Fora do Brasil, Terra em Transe estava destinado a afrontar preconceitos. Os públicos europeu e norte-americano estavam acostumados a ver nas telas o Brasil rural e irredentista do Cinema Novo. Em vez disso, eram confrontados com uma tragédia neoplatônica em que os personagens desfiam longos manifestos, sem ouvir uns aos outros e em meio a uma barafunda visual e sonora. “E a Terra entrou em transe e / No sertão de Ipanema / Em transe e / No mar de Monte Santo”, lembrou Caetano Veloso em Cinema Novo.

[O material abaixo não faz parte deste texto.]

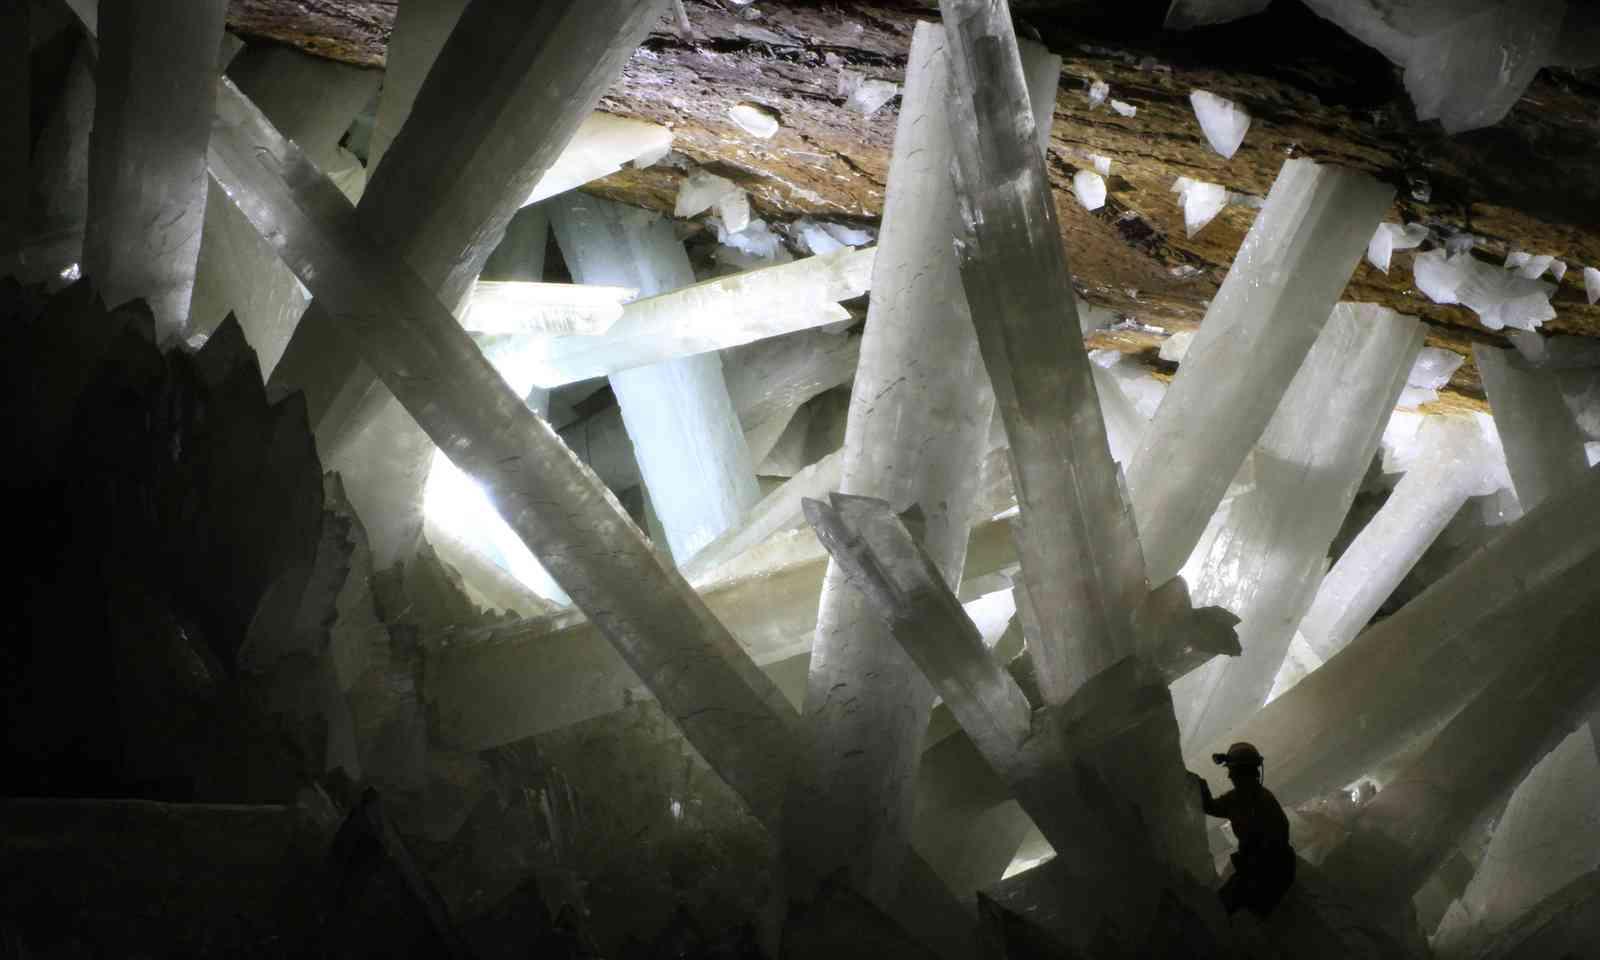 Gypsum crystals in the Naica cave (Creative Commons: Alexander Van Driessche)
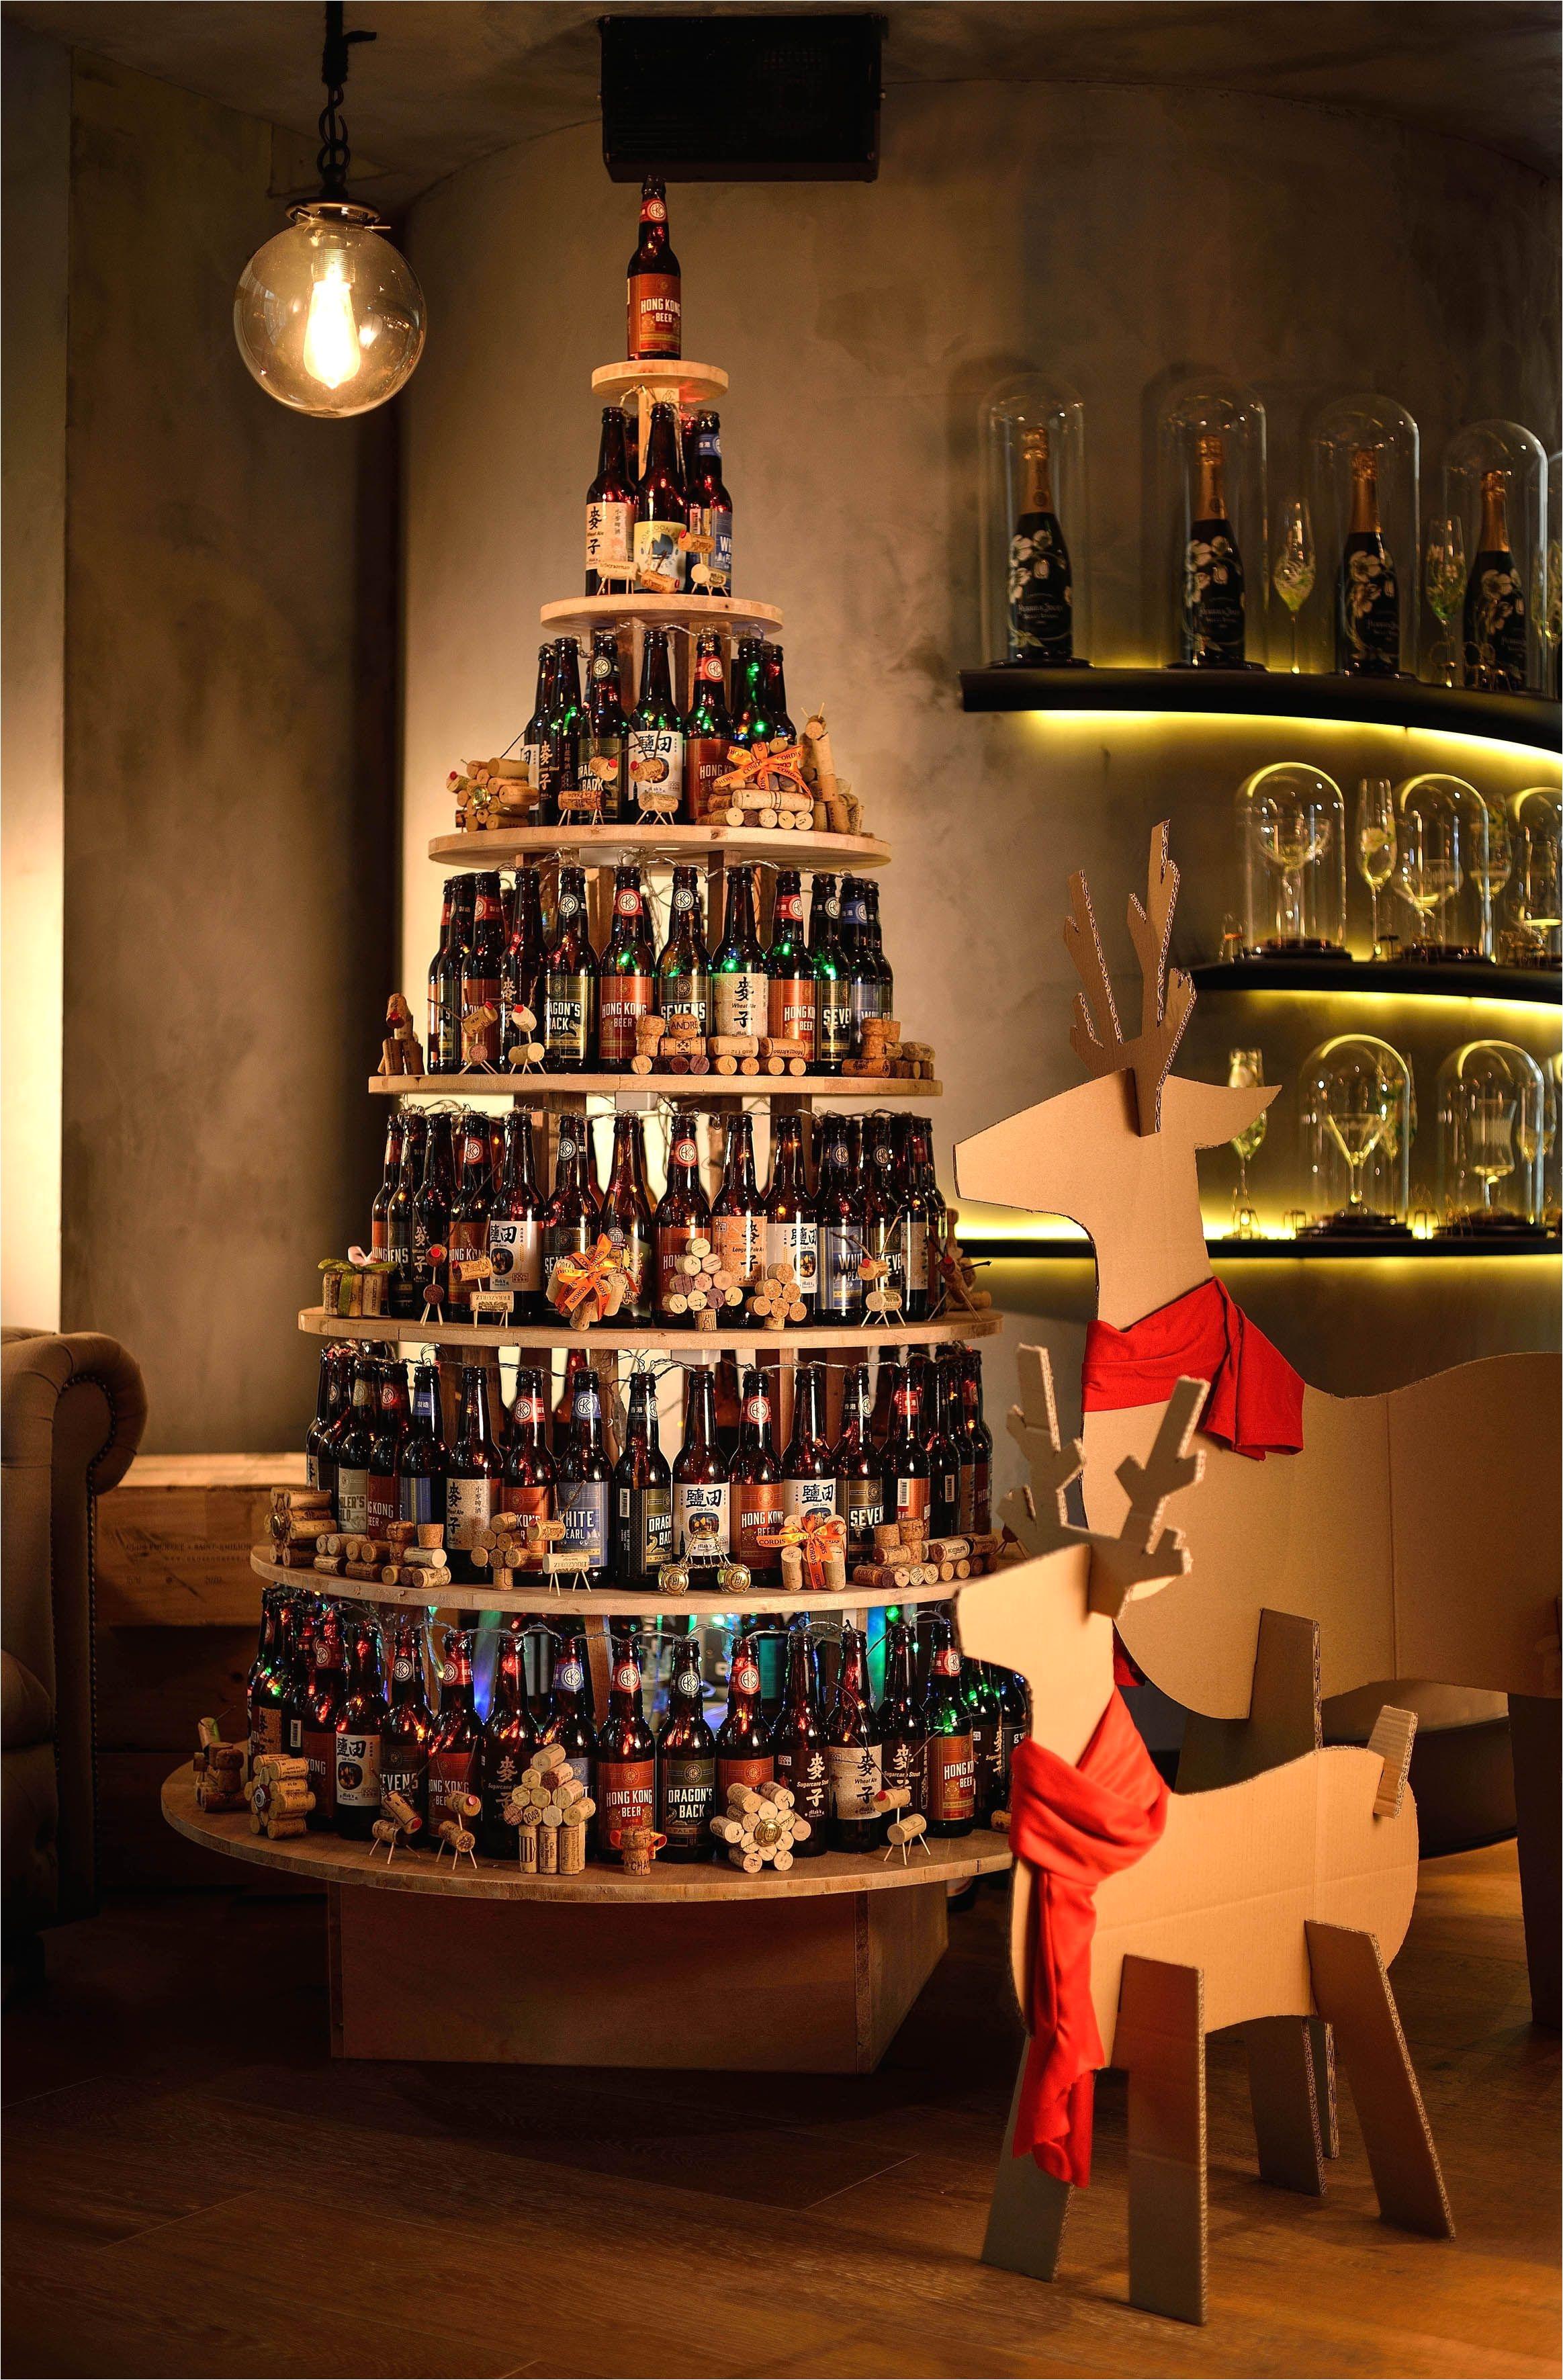 cordis hong kong s sustainable christmas tree was created by stacking 170 used local hong kong

O impacto foi profundo, mesmo para quem não tinha a menor ideia do contexto brasileiro ou das elucubrações de Glauber. O cineasta americano Martin Scorsese tinha quase 30 anos quando assistiu a Terra em Transe, rebatizado de Land in Anguish na versão em inglês, no Museu de Arte Moderna de Nova York. Ficou extasiado com “a humanidade e a paixão poderosas” do filme. O crítico francês Jean-Louis Bory saudou o filme no Le Nouvel Observateur como uma “ópera-metralhadora”. Outra francesa, a romancista Marguerite Yourcenar, definiu a obra como “ópera cinematográfica”. Premiado em Cannes, Havana e Locarno, o filme acabou proibido pela censura da ditadura militar.